So, for us, I think it's a combination of the shampoo, coconut oil (and, diet) and a good cut by a groomer who knows what she/he knows what they are doing. Snowball, by the way, does not see the groomer every six weeks ... it's usually every three or four months. And, then we still shampoo his hair at home ... because I prefer to do that. (probably why he loves his bath, too) 

Snowball does not have a puppy cut right now because the weather here is very cold. However, we have his hair cut shorter by the ears.


----------



## Rocky's Mom (Apr 10, 2010)

Layering...wow, now in addition to my hair getting layered Rocky needs his layered too...:HistericalSmiley:His hair is probably too short for that now, but I will definitely remember that, thank you Marie. That is an awesome idea, maybe I will grow his hair out longer this time. 

Where did you get your combs? I've tried the coconut oil, but Rocky won't eat his food when I put it on, and I've tried giving it to him on a teaspoon too. He's such a stinker pot. :wub: Rocky sees the groomer every six or 8 weeks if I could stretch it out that long. In between, I bathe him myself, but take him in for nail clips. He does like his bath, sometimes he gets impatient because I take my time, hee hee, but mostly he is ok with that.
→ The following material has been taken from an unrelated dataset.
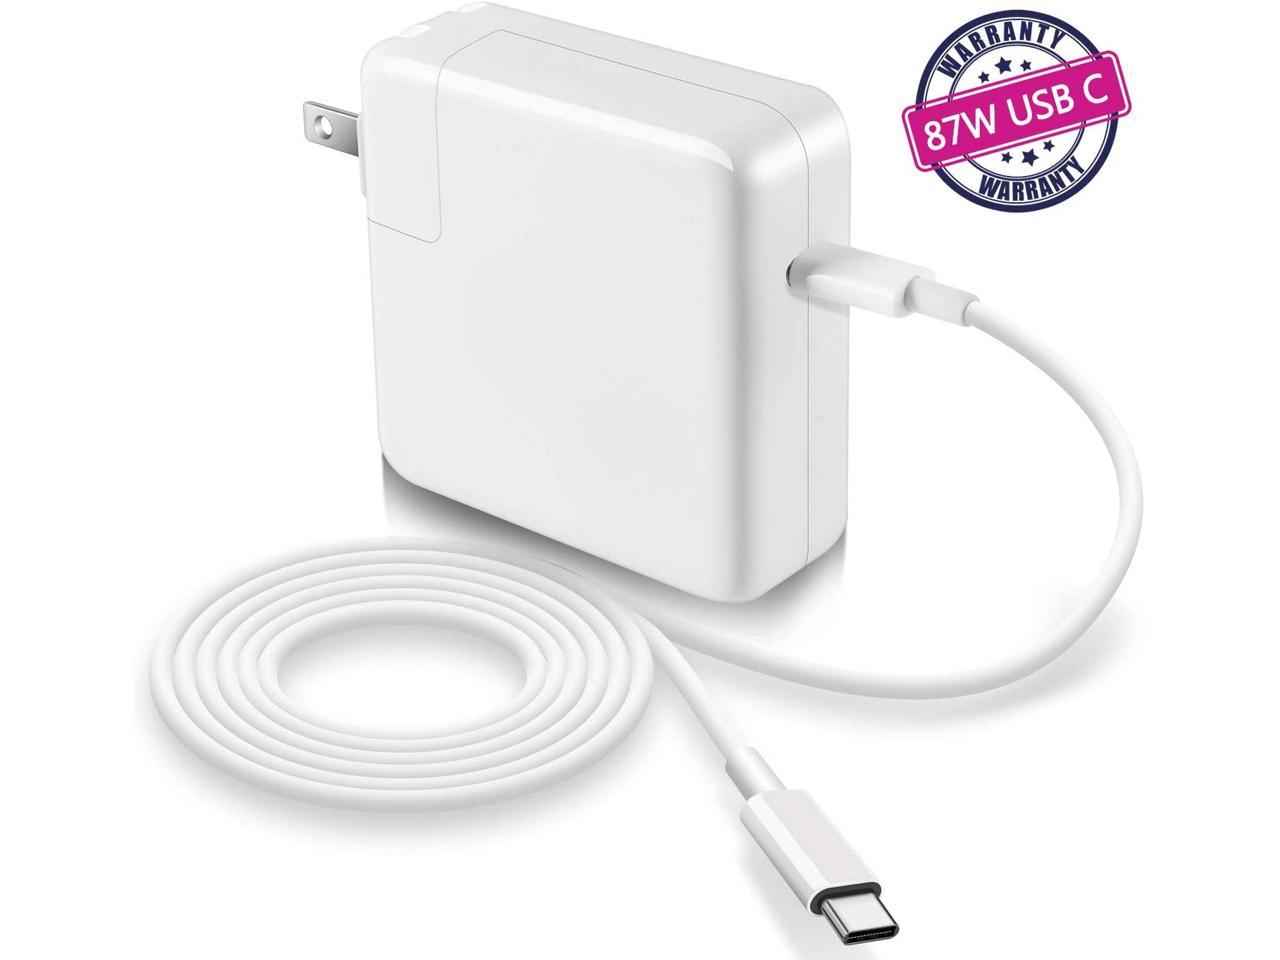 macbook air 13 inch charger apple store

Thanks so much for your help. 




Snowball Pie's Mommi said:


> Dianne, I don't know if this will help, but, Snowball's groomer layered his hair near his ears and I think his back. Snowball especially had a problem in those areas ... just a few scratches or a sweater or harness would do it. Since Betsy did the layer cut, and now he stays matt free over his entire coat. Even if he wears sweaters or harnesses.
> 
> In addition, I use the Madden brushes. However, I also think I am helping keep Snowball matt free ... by combing his coat with a gentle comb that I think is made by Safari. I have a smaller comb that is just perfect for his face ... I love it! It's made by the same company ... just a tiny comb ... maybe three inches long. Just perfect for the face. And, they are not expensive at all. The combs feel like a very gentle massage against the skin. Snowball LOVES to be combed and brushed ... it relaxes him.
> 
> ...


----------



## Rocky's Mom (Apr 10, 2010)

You're doing great:chili:...I bathe Rocky once a week and brush and comb him almost every day. I do try to work it out with my fingers too, sometimes that helps. But his get so matted. 



girlygirls said:


> I'm new to this grooming thing but one thing that has helped me is to give Skittle small treats frequently while grooming her legs. I use my comb big side first then the small side. I do have to say the area where piddles is not nice and I can't get under there to get those mats out. For the ones that I do find, U do like I do with my daughter's hair. I hold it close to the skin and work at it in tiny spots.
> 
> I'm sure since Skittle is still a puppy isn't not as bad as it could be. I'm trying to be consistent and brush her daily. I've missed to days due to late nights at work. Good luck and I will look forward to hear what everyone says. I need as many tricks as possible.


----------